(Exercise data)

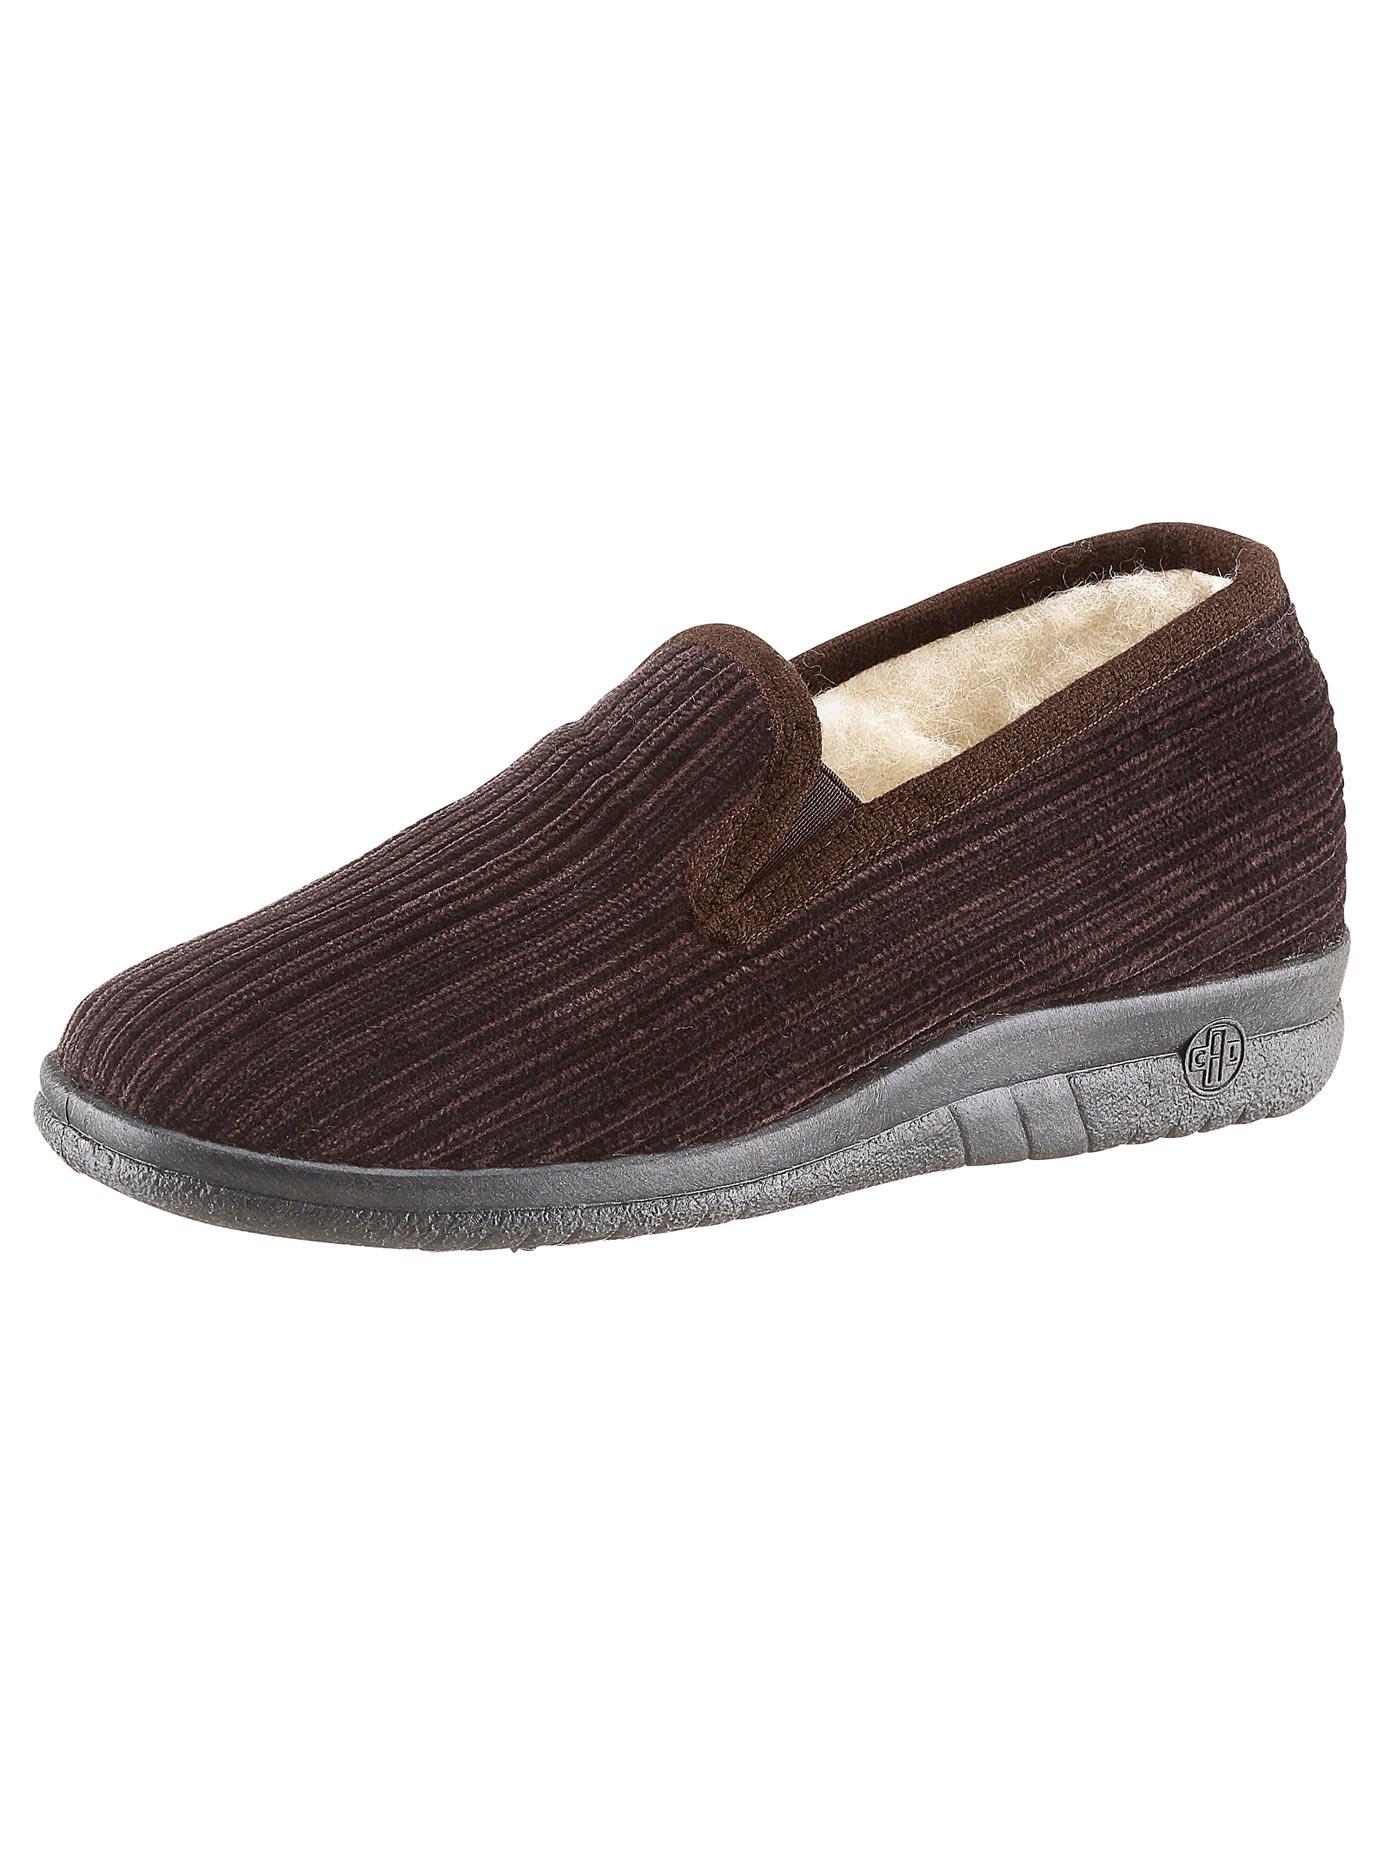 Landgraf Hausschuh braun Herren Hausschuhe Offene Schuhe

(End Exercise data)
(Exercise data)

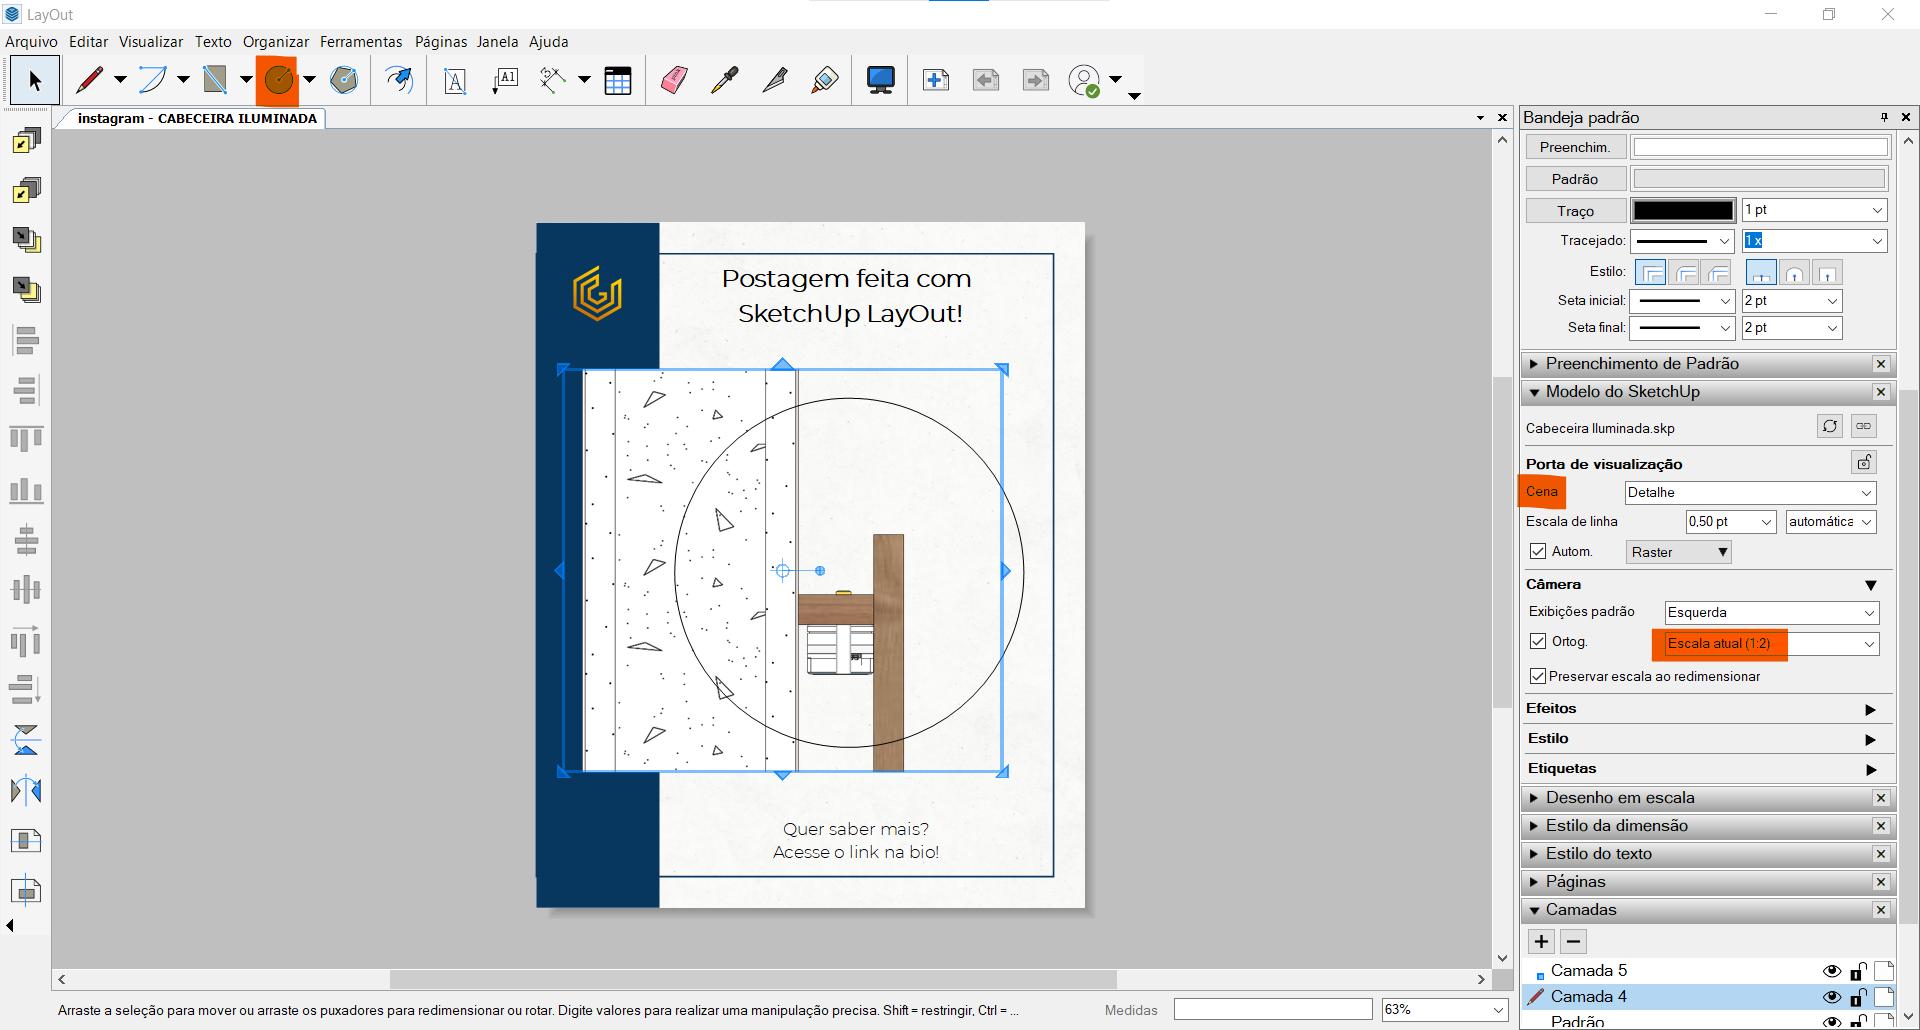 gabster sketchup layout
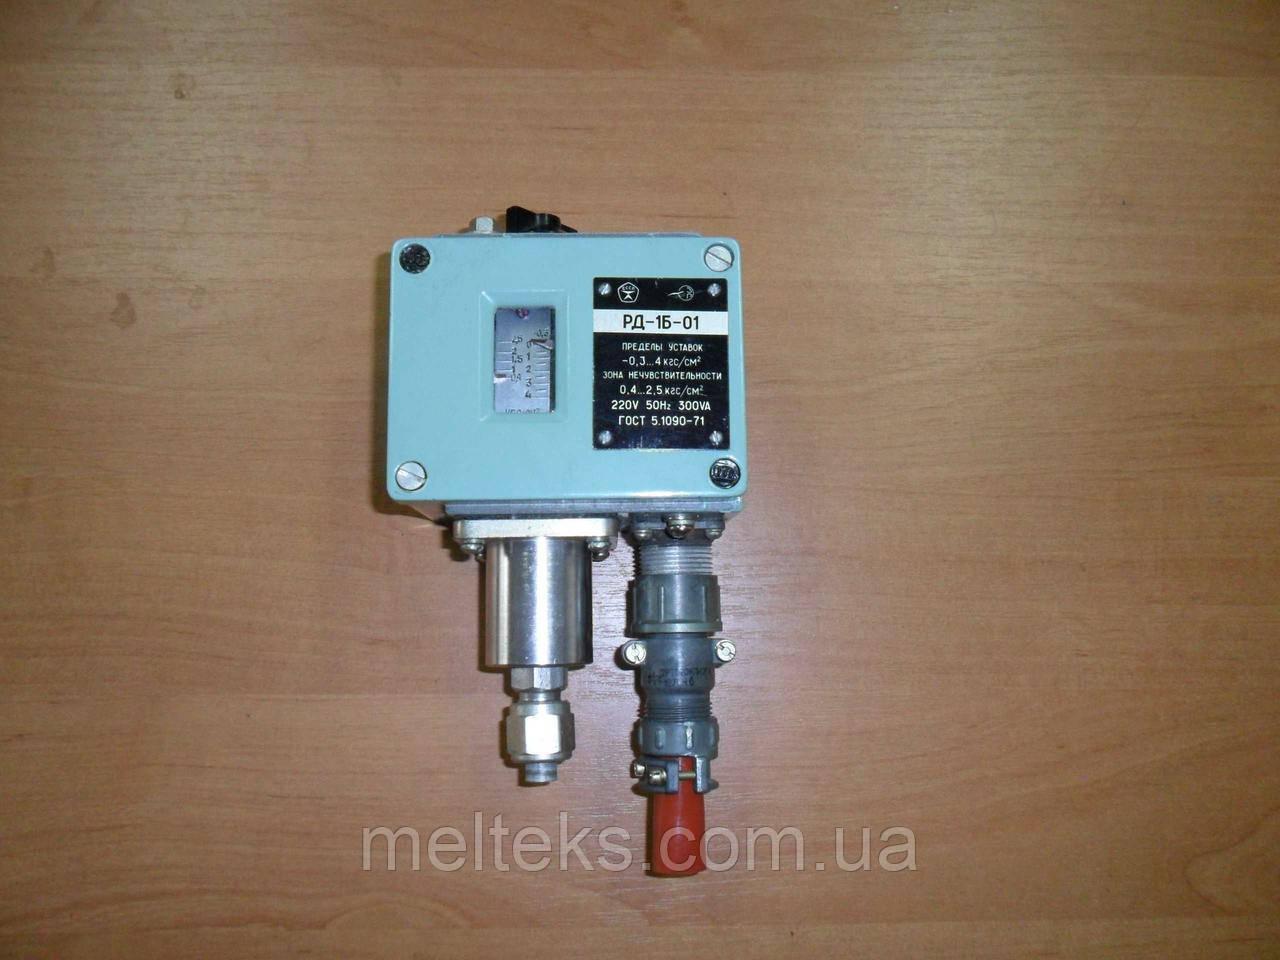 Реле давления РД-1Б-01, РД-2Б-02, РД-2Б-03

(End Exercise data)

◆ **Assignment**
Pictures are to be left out. Write out only the lines above starting at the one with "gabster sketchup layout" and ending at the one with "Реле давления РД-1Б-01, РД-2Б-02, РД-2Б-03", both lines included, exactly.

◆ **Result below**
 gabster sketchup layout
 Реле давления РД-1Б-01, РД-2Б-02, РД-2Б-03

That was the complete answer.